Amid the helpings of turkey, stuffing, sweet potatoes, corn, green beans, crab legs, shrimp cocktails, pies, jell-o puddings, rolls, fruits, salads, and pitchers of eggnog were festive holiday decorations crafted out of dough and Styrofoam.

Serving lines were dressed up as covered wagons, while a tepee and dough-crafted American Indian chief rounded out the Thanksgiving theme. Other non-traditional decorations included cakes decorated with the seals of each branch of the U.S. military, a Styrofoam and spray-paint diorama of a shark swimming over a coral reef and a miniature swamp boat.

Senath Fernando, 32, of Sri Lanka, a KBR employee, crafted all of the decorations himself over the last month and a half.

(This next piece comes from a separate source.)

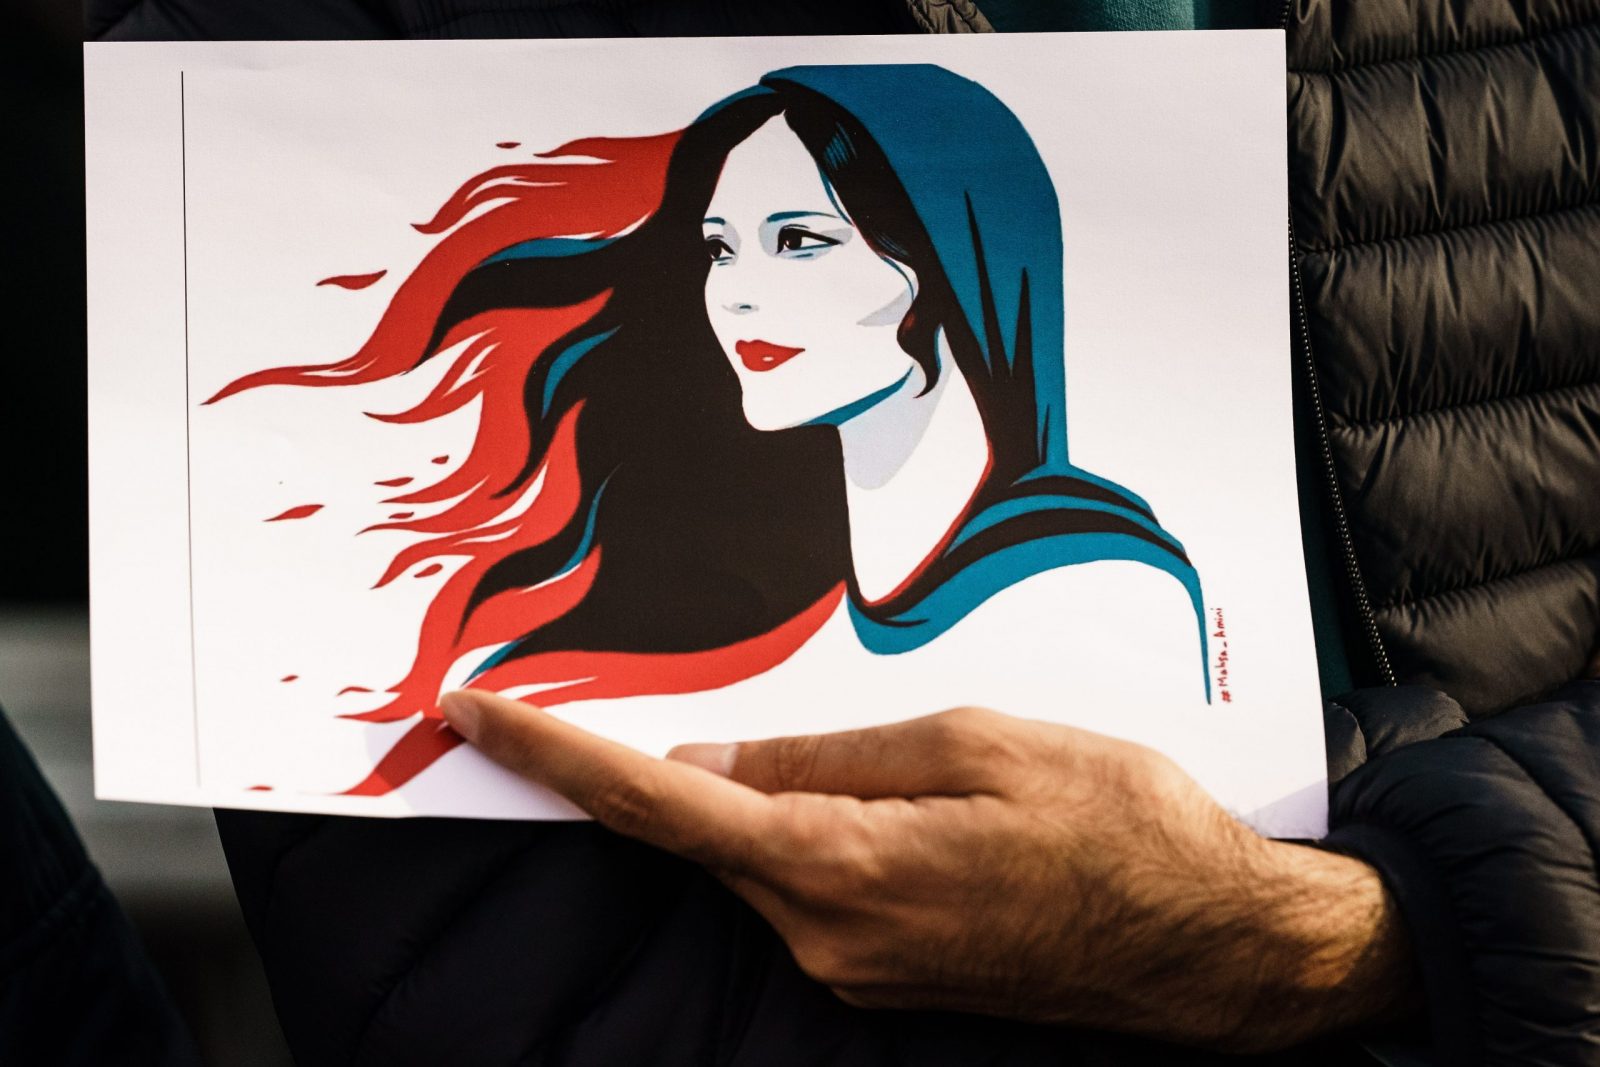 epa10201920 A participant holds an illustration showing Mahsa Amini during a rally in Berlin, Germany, 23 September 2022. Iran has faced many anti-government protests following the death of Mahsa Amini, a 22-year-old Iranian woman, who was arrested in Tehran on 13 September by the morality police, a unit responsible for enforcing Iran's strict dress code for women. She fell into a coma while in police custody and was declared dead on 16 September, with the authorities saying she died of a heart failure while her family advising that she had no prior health conditions. Her death has triggered protests in various areas in Iran and around the world. According to Iran's state news agency IRNA, Iranian President Ebrahim Raisi expressed his sympathy to the family of Amini on a phone call and assured them that her death will be investigated carefully. Chief Justice of Iran Gholam-Hossein Mohseni-Eje'i assured her family that upon its conclusion, the investigation results by the Iranian Legal Medicine Organization will be announced without any special considerations.  EPA/CLEMENS BILAN

In many ways, Thanksgiving is the ultimate performance review for food service contractors and soldiers who supervise them.

On Thursday, Master Sgt. Danny Van Tassell, 40, was a ball of energy as he oversaw the proceedings. Van Tassell is the contracting officer for the dining facility, and Thanksgiving is the Super Bowl of mess hall events.

“When you’re talking about big meals, this is it,” Van Tassell said. “I was a little nervous last night, yeah. I didn’t get any sleep.”

Col. A.T. Ball, commander of the 25th CAB, said he was more than pleased with the spread.

“Most people on the outside don’t realize the quality of the food we have. It’s just tremendous,” Ball said.

The colonel said that when he’s back in the States with his family, they usually eat Thanksgiving dinner at an Army dining facility.

“It’s a ritual for my family. I love it, the kids love it and my wife likes it, too,” Ball said. “Actually, I think she likes it because when you’re done, it doesn’t require a big clean up.”